First, there is what Cheney didn’t say: Cheney apparently did not call Snowden a liar. I’m not sure if that puts Cheney at odds with Rep. Mike Rogers (R-Mich.), who said last week:

“[Snowden] was lying…He clearly has over-inflated his position, he has over-inflated his access and he’s even over-inflated what the actually technology of the programs would allow one to do. It’s impossible for him to do what he was saying he could do.”

Rogers’ language is a bit slippery: He plants the word “lying” but doesn’t indicate that Snowden was lying about the most crucial revelations, namely, the extent of NSA surveillance of people’s phone records and Internet activities. Between that and Cheney’s apparent silence on the same, I will take the NSA surveillance revelations as ‘confirmed’.
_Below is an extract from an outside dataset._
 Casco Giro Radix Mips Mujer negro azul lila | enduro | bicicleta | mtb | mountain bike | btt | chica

Rogers and Cheney do both call Snowden a “traitor” and suggest that he is a front for someone else; perhaps China. They are not the first to wonder if he’s a front. I figured that Snowden could be acting for an NSA higher-up (who opposes the surveillance programs); but I never totally ruled out (and still don’t) that Snowden could be acting for China. It struck me as a bit odd, from the beginning, that Snowden is holed up with a foreign power which delights in the embarrassment to the U.S. here, and as well, benefits from it.
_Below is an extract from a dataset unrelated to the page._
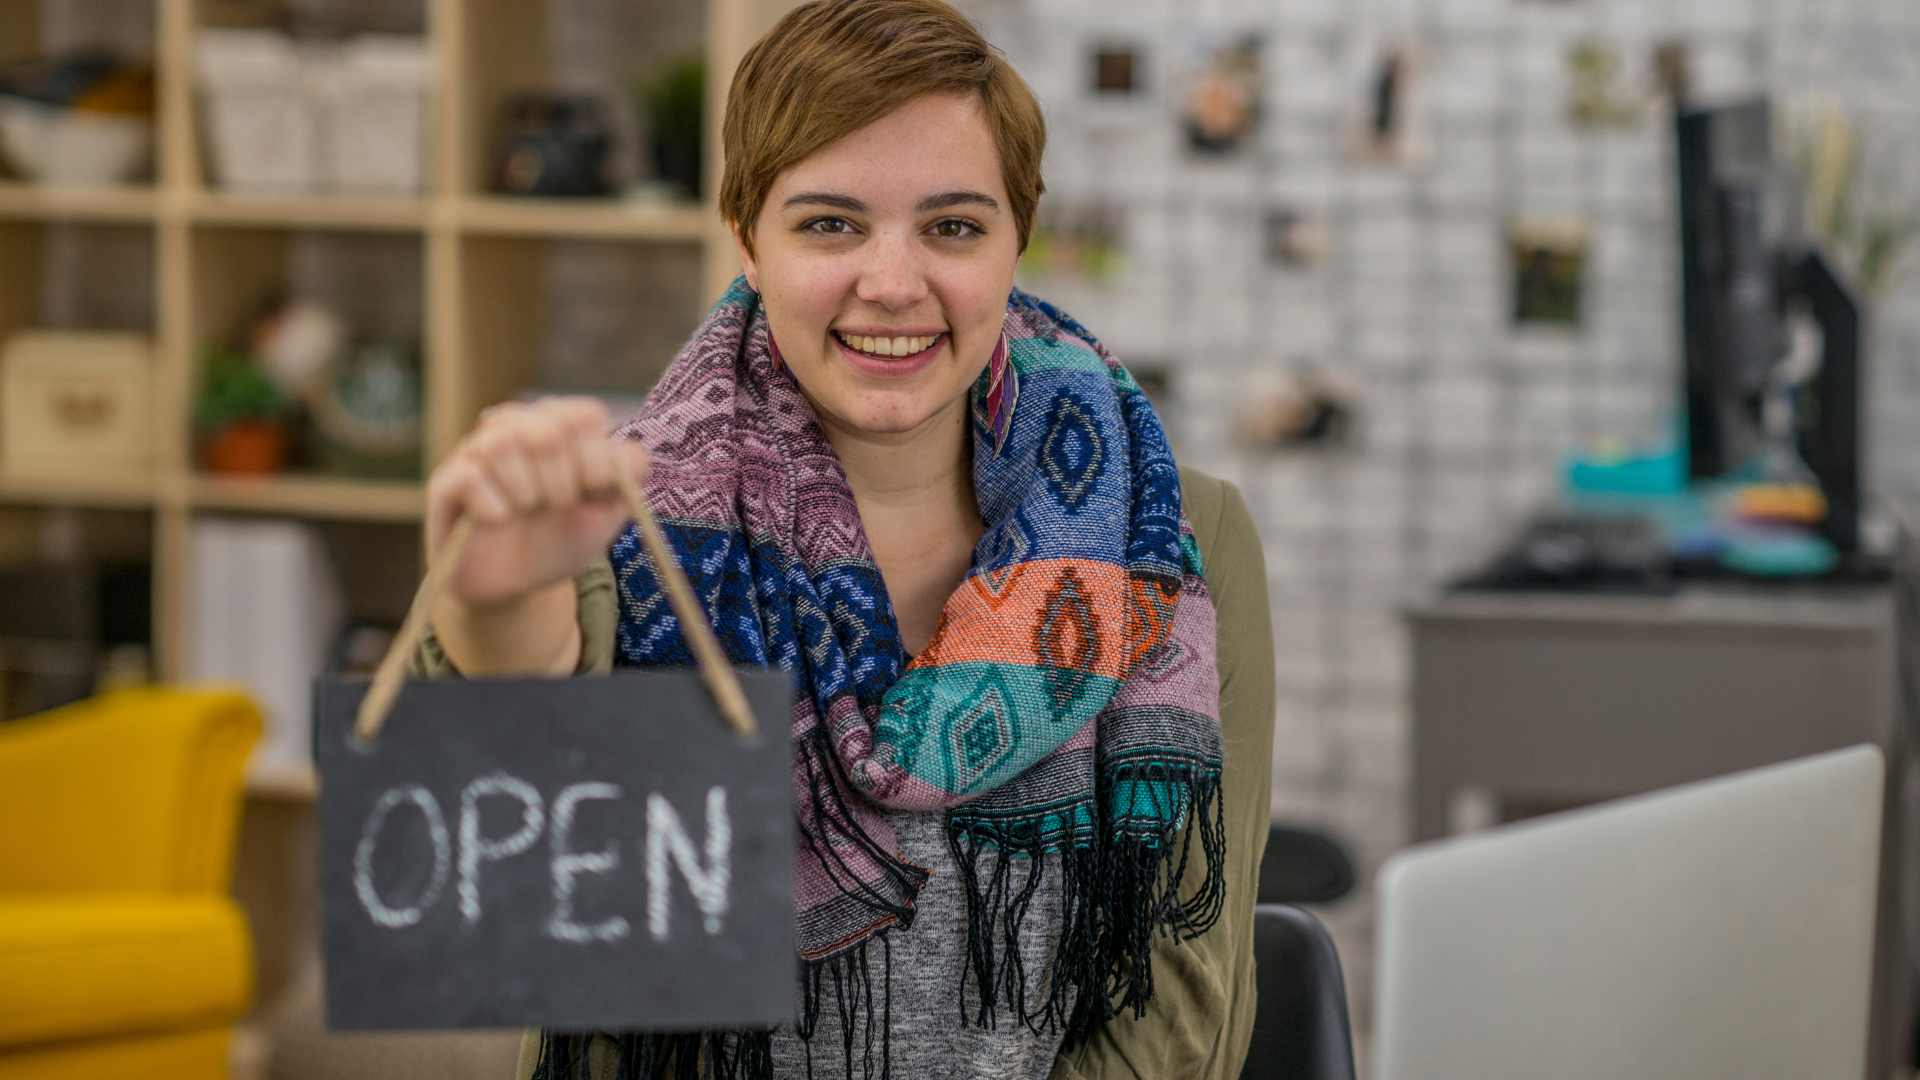 young entrepreneur holding an open sign

Anyway, Cheney goes on to strongly defend the NSA surveillance; he suggests it would have prevented the 9-11 attacks, and takes a ‘trust us’ type of stance.

I disagree with Mr. Cheney. I do so respectfully; he’s a great American, and there are two sides to every story. I come down on the Rand Paul / civil liberties side of this one. The current extent of surveillance goes well beyond anything I ever defended the Bush-Cheney administration doing.

And the Obama administration’s other scandals – for example, their IRS / Tea Party scandal, or their multiple spy-on-the-media scandals, or multiple occasions when they happily manipulated classified info for political gain, and/or lied to the American people – have, by now, proven that they (the Obama administration) are profoundly unworthy of trust.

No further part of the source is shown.